Would you repeat each line below precisely as it stands?

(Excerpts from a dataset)
=== Section Start ===

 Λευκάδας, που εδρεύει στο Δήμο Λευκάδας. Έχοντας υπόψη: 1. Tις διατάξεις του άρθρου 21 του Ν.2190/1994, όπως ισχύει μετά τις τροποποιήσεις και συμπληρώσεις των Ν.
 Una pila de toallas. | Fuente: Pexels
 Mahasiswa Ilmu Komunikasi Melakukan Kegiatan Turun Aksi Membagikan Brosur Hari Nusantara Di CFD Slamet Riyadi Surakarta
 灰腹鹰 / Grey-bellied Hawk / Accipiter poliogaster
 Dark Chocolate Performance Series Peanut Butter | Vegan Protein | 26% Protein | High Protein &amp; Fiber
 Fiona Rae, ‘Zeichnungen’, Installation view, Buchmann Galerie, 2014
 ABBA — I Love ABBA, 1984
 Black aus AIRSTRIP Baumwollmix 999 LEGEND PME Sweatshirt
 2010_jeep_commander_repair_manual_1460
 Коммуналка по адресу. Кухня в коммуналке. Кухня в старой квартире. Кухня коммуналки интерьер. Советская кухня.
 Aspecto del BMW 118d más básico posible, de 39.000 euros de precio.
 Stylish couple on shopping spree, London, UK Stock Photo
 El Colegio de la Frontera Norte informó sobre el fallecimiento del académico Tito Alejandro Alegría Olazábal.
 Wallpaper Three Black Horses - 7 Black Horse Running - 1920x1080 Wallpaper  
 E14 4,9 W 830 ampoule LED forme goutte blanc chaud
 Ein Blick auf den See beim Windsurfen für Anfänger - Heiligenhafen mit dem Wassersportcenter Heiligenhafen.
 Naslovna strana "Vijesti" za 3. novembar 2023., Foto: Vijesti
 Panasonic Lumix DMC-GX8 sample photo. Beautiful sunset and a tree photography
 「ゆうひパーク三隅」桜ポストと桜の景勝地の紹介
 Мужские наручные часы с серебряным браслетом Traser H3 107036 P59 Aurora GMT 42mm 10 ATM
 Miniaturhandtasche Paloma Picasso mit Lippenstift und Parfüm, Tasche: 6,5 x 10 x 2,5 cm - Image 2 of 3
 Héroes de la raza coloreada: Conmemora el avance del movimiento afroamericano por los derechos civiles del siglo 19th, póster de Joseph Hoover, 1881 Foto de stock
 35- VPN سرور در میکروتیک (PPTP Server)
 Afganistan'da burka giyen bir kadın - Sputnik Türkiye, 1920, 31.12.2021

=== Section End ===

Answer:
 Λευκάδας, που εδρεύει στο Δήμο Λευκάδας. Έχοντας υπόψη: 1. Tις διατάξεις του άρθρου 21 του Ν.2190/1994, όπως ισχύει μετά τις τροποποιήσεις και συμπληρώσεις των Ν.
 Una pila de toallas. | Fuente: Pexels
 Mahasiswa Ilmu Komunikasi Melakukan Kegiatan Turun Aksi Membagikan Brosur Hari Nusantara Di CFD Slamet Riyadi Surakarta
 灰腹鹰 / Grey-bellied Hawk / Accipiter poliogaster
 Dark Chocolate Performance Series Peanut Butter | Vegan Protein | 26% Protein | High Protein &amp; Fiber
 Fiona Rae, ‘Zeichnungen’, Installation view, Buchmann Galerie, 2014
 ABBA — I Love ABBA, 1984
 Black aus AIRSTRIP Baumwollmix 999 LEGEND PME Sweatshirt
 2010_jeep_commander_repair_manual_1460
 Коммуналка по адресу. Кухня в коммуналке. Кухня в старой квартире. Кухня коммуналки интерьер. Советская кухня.
 Aspecto del BMW 118d más básico posible, de 39.000 euros de precio.
 Stylish couple on shopping spree, London, UK Stock Photo
 El Colegio de la Frontera Norte informó sobre el fallecimiento del académico Tito Alejandro Alegría Olazábal.
 Wallpaper Three Black Horses - 7 Black Horse Running - 1920x1080 Wallpaper  
 E14 4,9 W 830 ampoule LED forme goutte blanc chaud
 Ein Blick auf den See beim Windsurfen für Anfänger - Heiligenhafen mit dem Wassersportcenter Heiligenhafen.
 Naslovna strana "Vijesti" za 3. novembar 2023., Foto: Vijesti
 Panasonic Lumix DMC-GX8 sample photo. Beautiful sunset and a tree photography
 「ゆうひパーク三隅」桜ポストと桜の景勝地の紹介
 Мужские наручные часы с серебряным браслетом Traser H3 107036 P59 Aurora GMT 42mm 10 ATM
 Miniaturhandtasche Paloma Picasso mit Lippenstift und Parfüm, Tasche: 6,5 x 10 x 2,5 cm - Image 2 of 3
 Héroes de la raza coloreada: Conmemora el avance del movimiento afroamericano por los derechos civiles del siglo 19th, póster de Joseph Hoover, 1881 Foto de stock
 35- VPN سرور در میکروتیک (PPTP Server)
 Afganistan'da burka giyen bir kadın - Sputnik Türkiye, 1920, 31.12.2021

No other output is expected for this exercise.